◆ TASK STATEMENT
Please give every line below again exactly, but not its pictures.

◆ DATASET EXTRACT
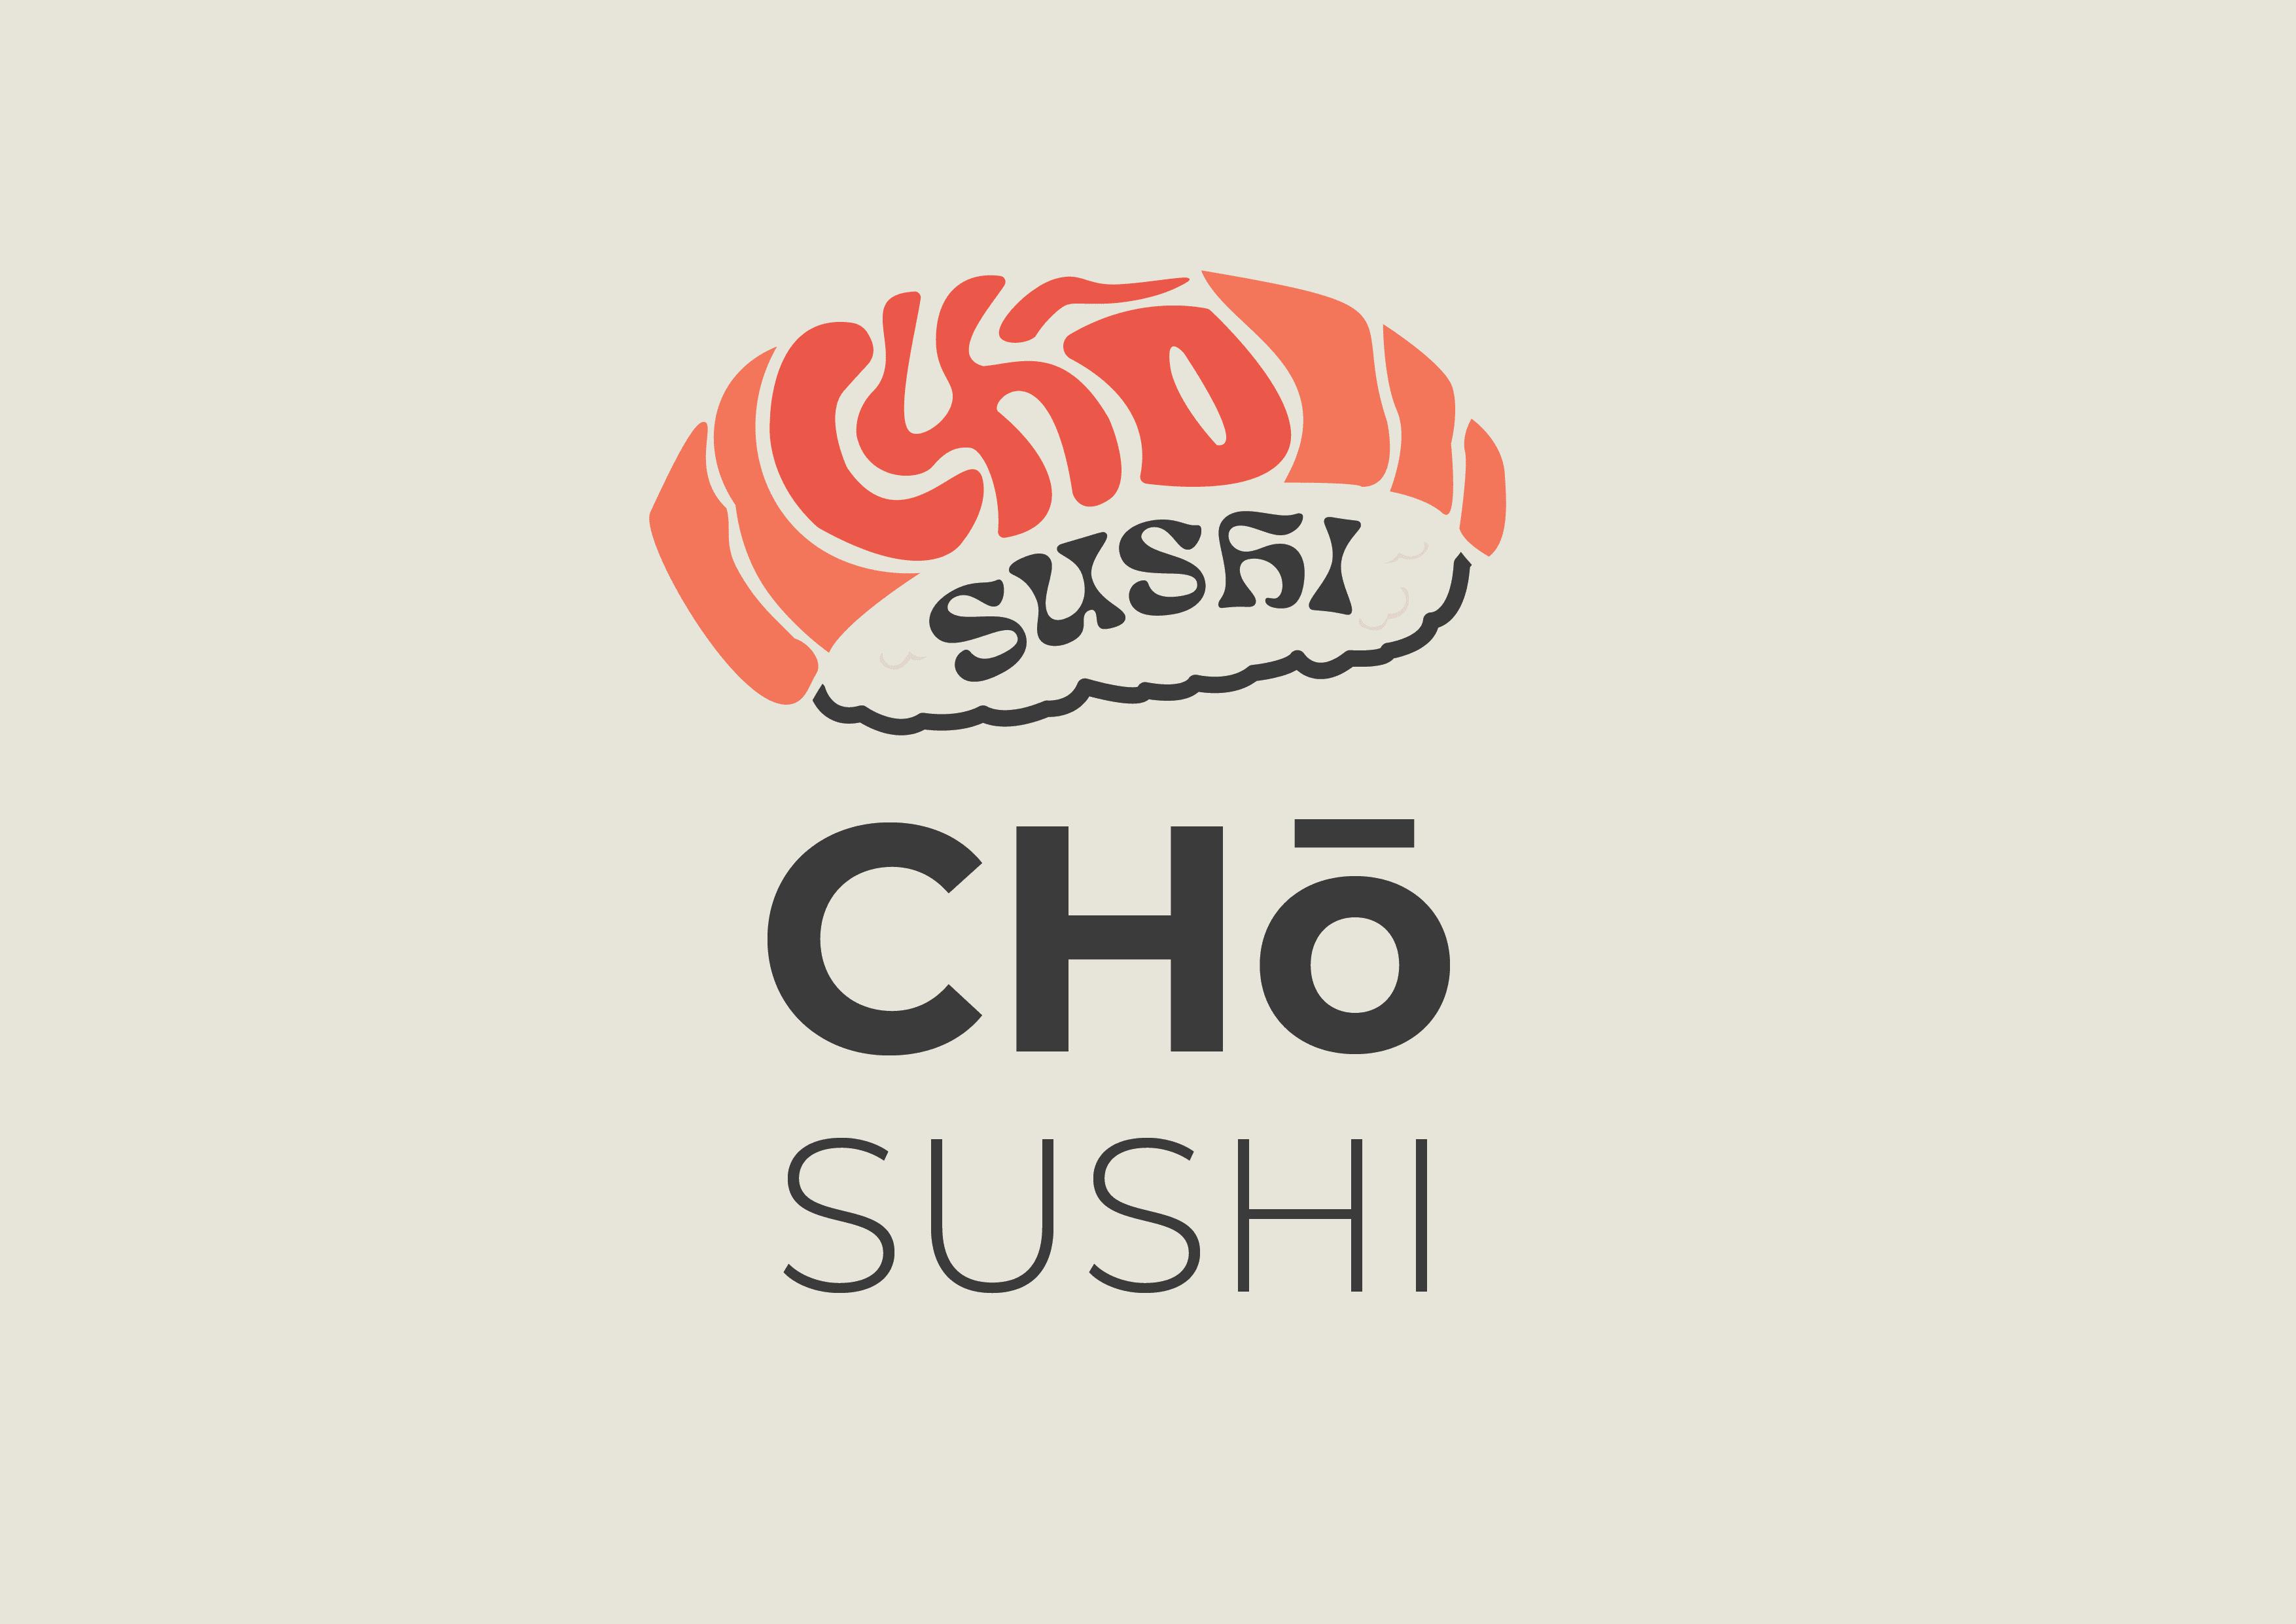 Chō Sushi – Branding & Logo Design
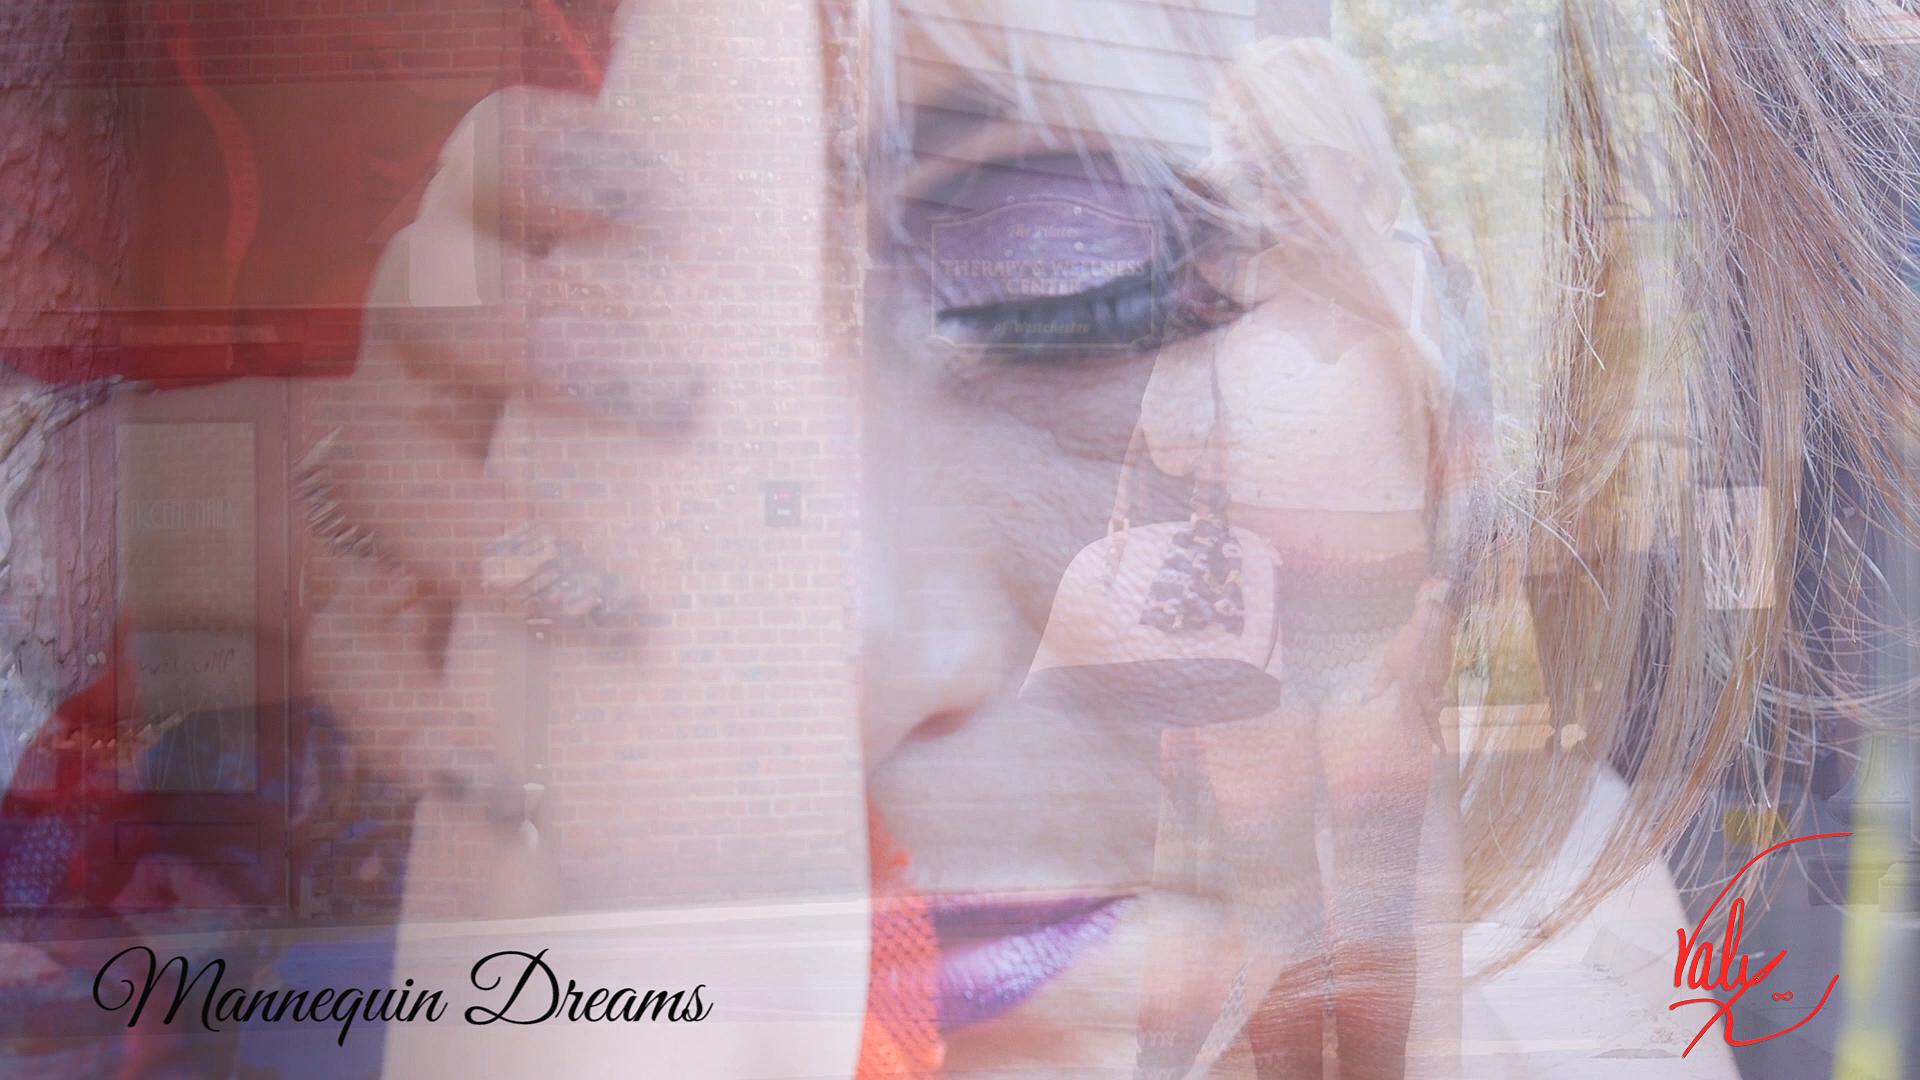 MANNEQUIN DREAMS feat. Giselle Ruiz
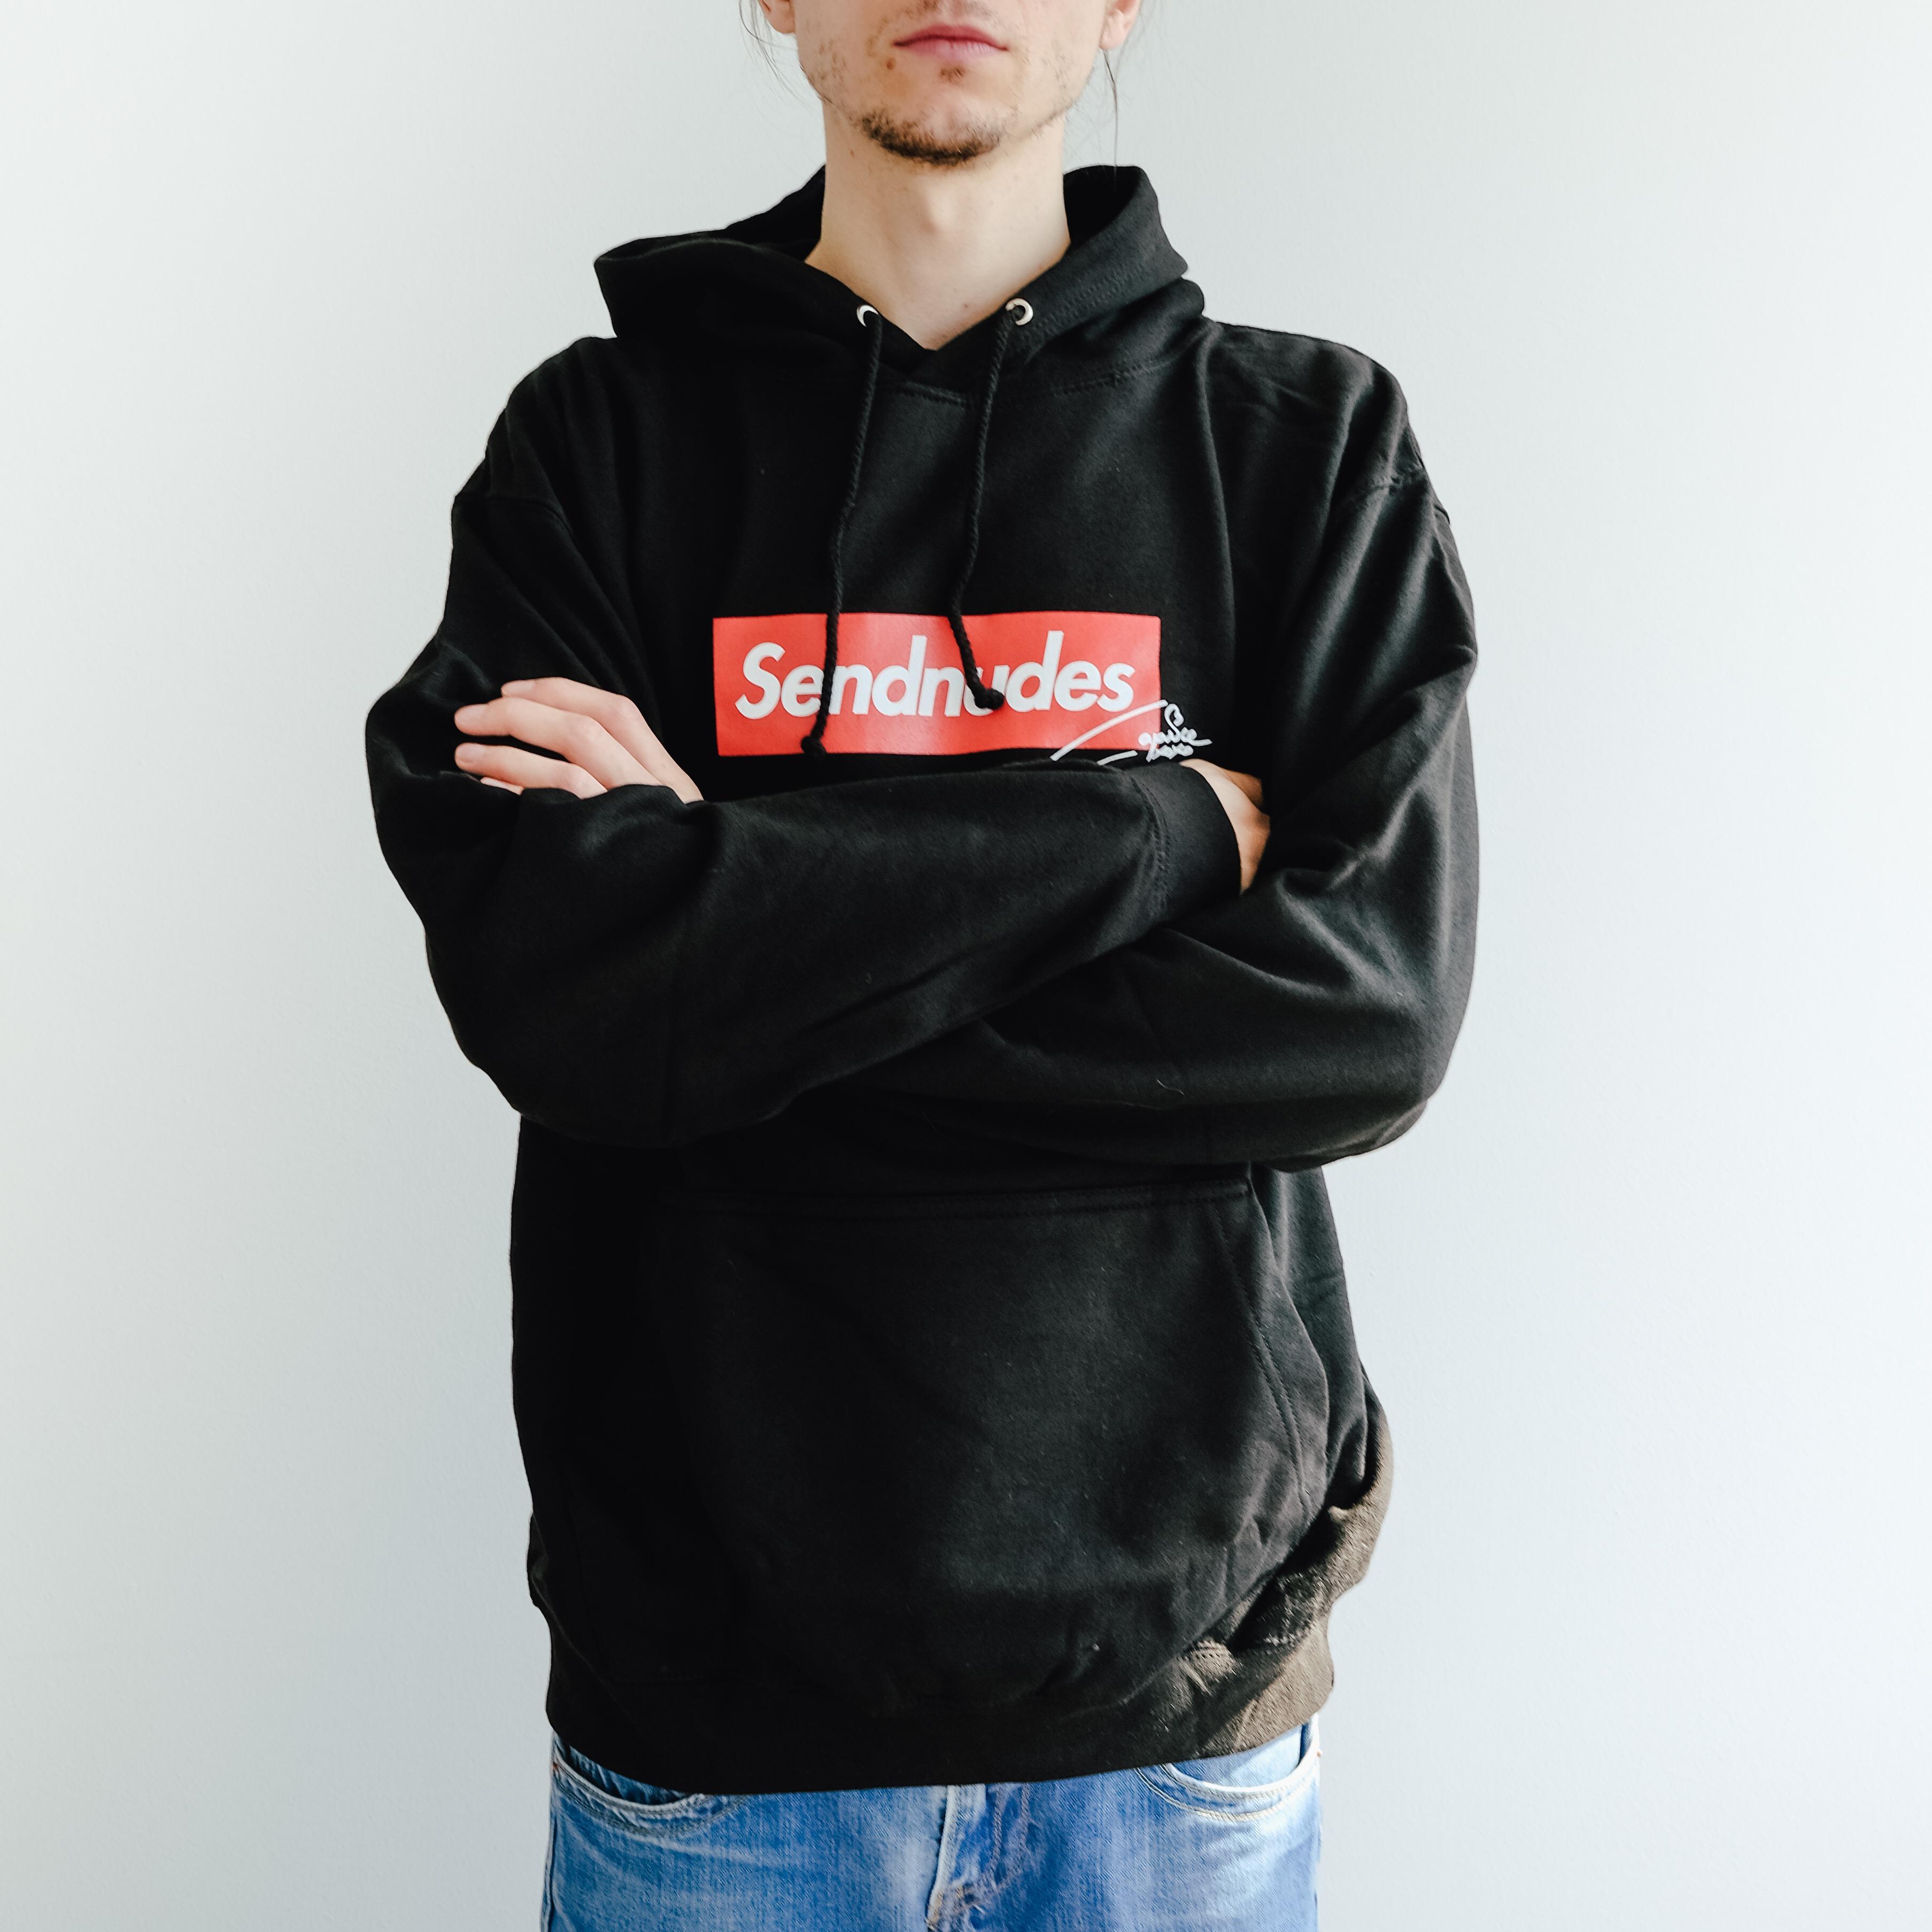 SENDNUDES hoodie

◆ TASK RESULT
 Chō Sushi – Branding & Logo Design
 MANNEQUIN DREAMS feat. Giselle Ruiz
 SENDNUDES hoodie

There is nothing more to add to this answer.